The breakout hunt continues in Q1, where midrange-budget genre can own weekends with minimal competition, and again in late summer, where horror often becomes the conversation when tentpoles tire. The 2026 slate is set up to exploit those windows. January could easily deliver the first surprise over-performer of the year, and August into September gives Sony an avenue to hold screens with back-to-back supernatural IP while still leaving room for an indie breakout.

Internationally, brand recognition helps Resident Evil, Evil Dead, and Scream travel, while 28 Years Later benefits from a British setting and returning talent. Werwulf and The Mummy will lean on auteur and classic-monster awareness abroad. Streamers will amplify the tail, with copyright click site pickups boosting Universal’s slate and Shudder driving evangelism for Cineverse titles.
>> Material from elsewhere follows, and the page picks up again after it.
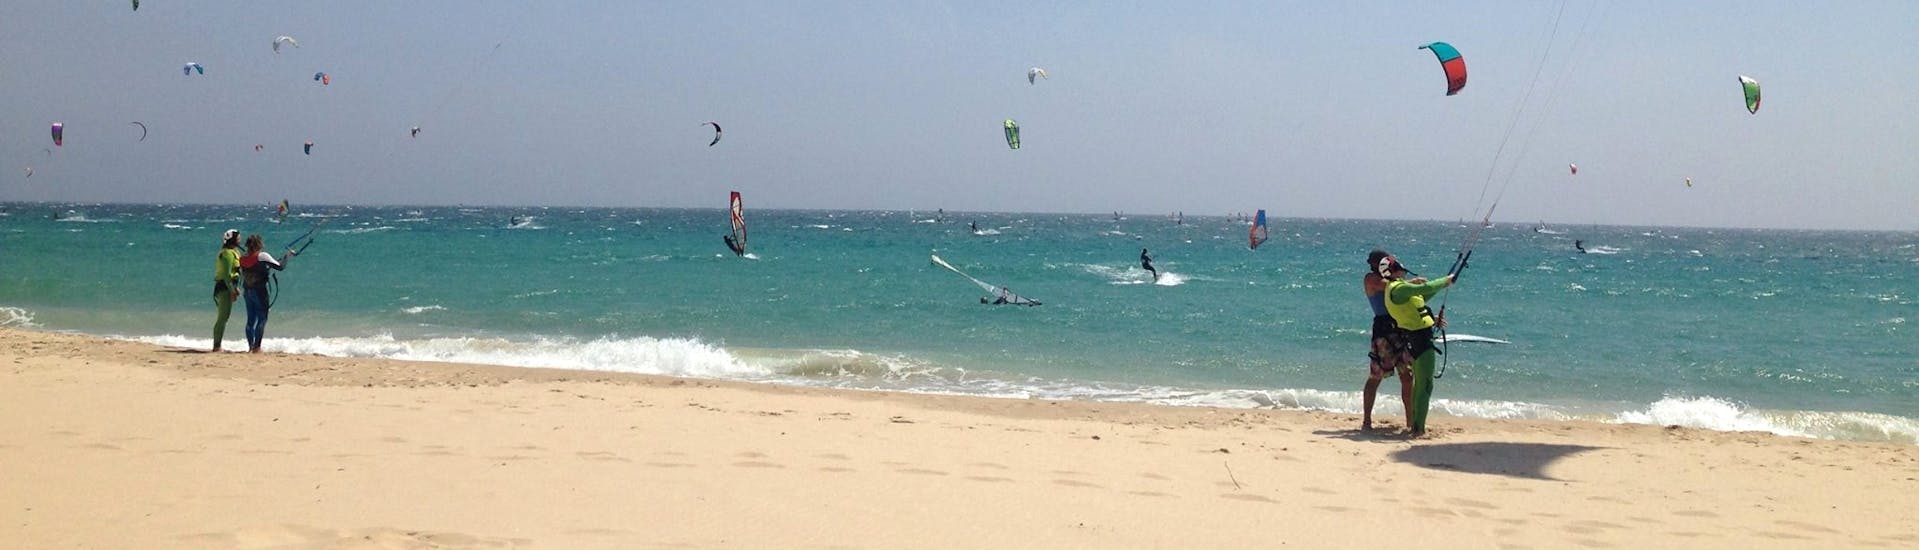 Lezioni private di kitesurf a Tarifa da 12 anni.

Look for a strong PVOD phase overall, since horror fans have shown a willingness to pay for convenience after an opening weekend, especially when word of mouth is strong.

The moviegoer’s year in horror

From a moviegoer’s perspective, the 2026 horror year offers pace and range. January is a array, February delivers a legacy slasher, April reawakens a Universal monster, May and June provide a two-hit supernatural combo for date nights and group outings, July gets blood-slick, August and September keep the supernatural momentum, October turns into a Jordan Peele event, and December invites a bleak, literate nightmare. That is how you keep chatter alive and occupancy strong without cannibalizing your own titles. The pattern also supports social campaigns that can gain momentum, using earlier releases to seed the audience for bigger plays in the fall.
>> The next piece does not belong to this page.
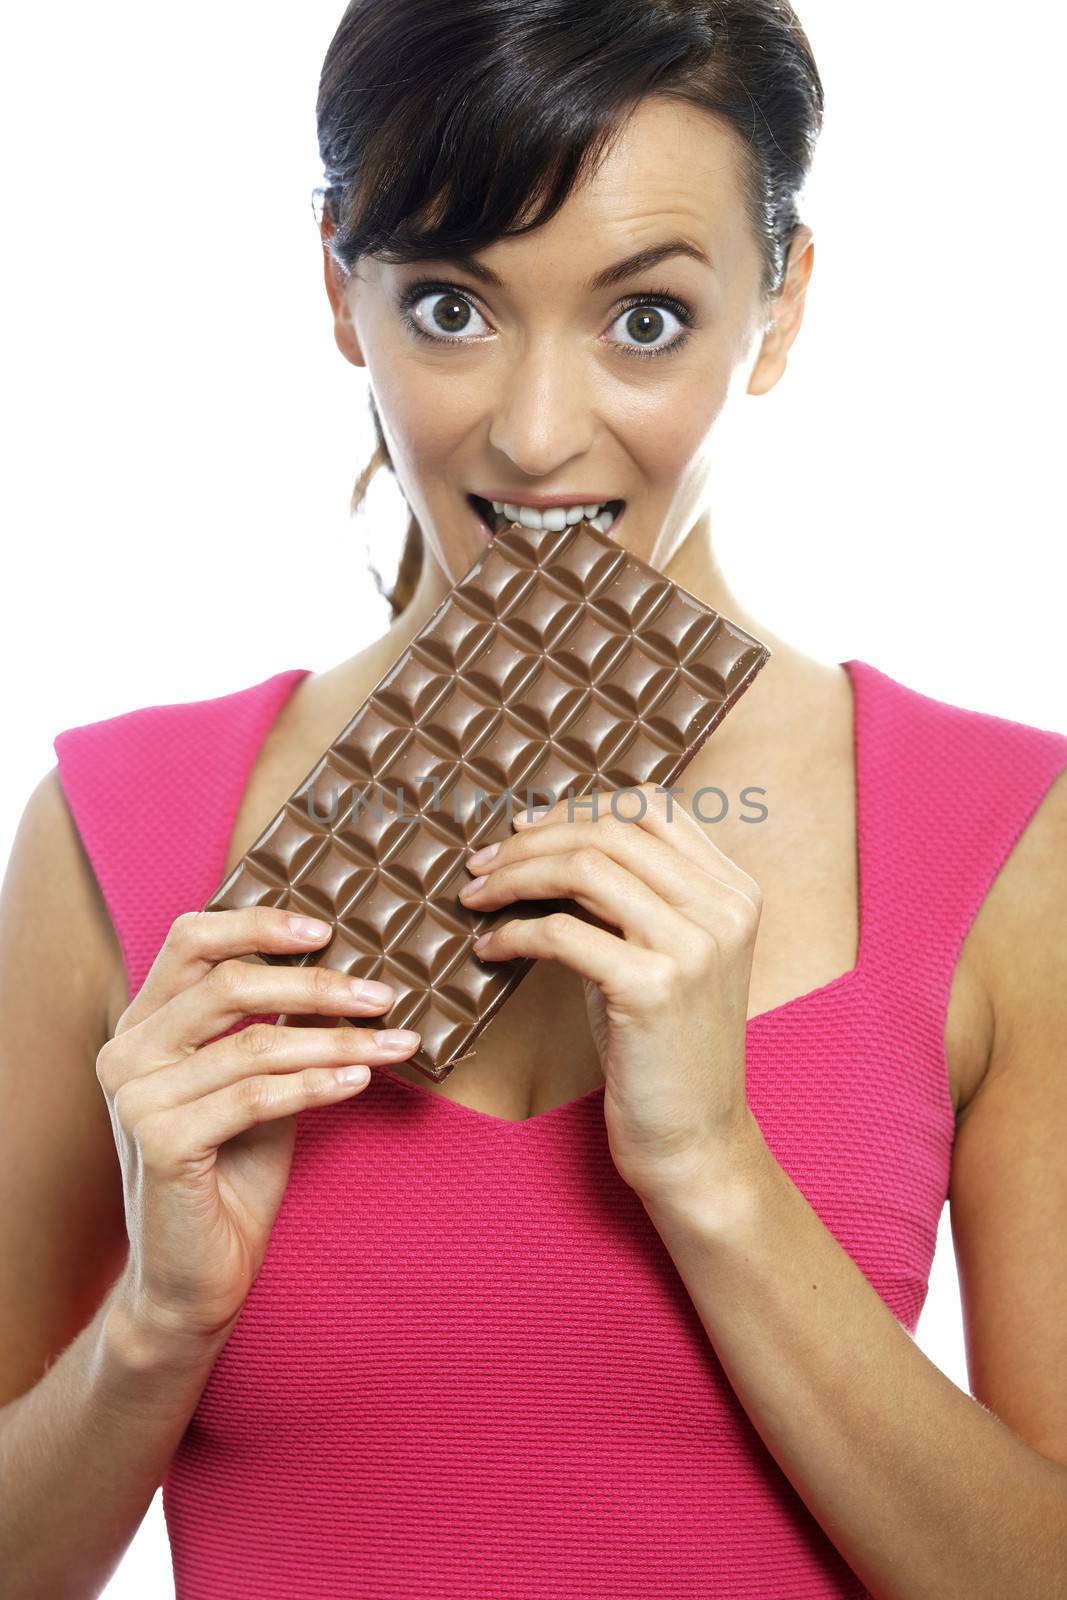 Woman eating chocolate bar by studiofi

Exhibitors are pleased with the spacing. Horror delivers predictable Thursday surges, tight deployments, and strong PLF uptake when the creative supports it. The 2026 slate has at least three titles that can justify premium screens, with The Mummy, Evil Dead Burn, and Werwulf all showcasing detail, acoustics, and visual design that benefit from larger formats. The calendar also leaves room for specialty platformers to open in New York and Los Angeles, build reviews, and slide into national conversation as the fall progresses.

2026 Is Well Positioned

Schedules slip. Ratings change. Casts shift. But the spine of 2026 horror is solid. There is brand gravity where needed, distinct vision where it matters, and a calendar that shows studios get how and when audiences want scares. The awards and festival pipeline into 2027 will come into focus once the fall festivals lock, and it would not be surprising to see at least one eleventh-hour specialty buy join the party. For now, the job is simple, craft precise trailers, keep secrets, and let the scares sell the seats.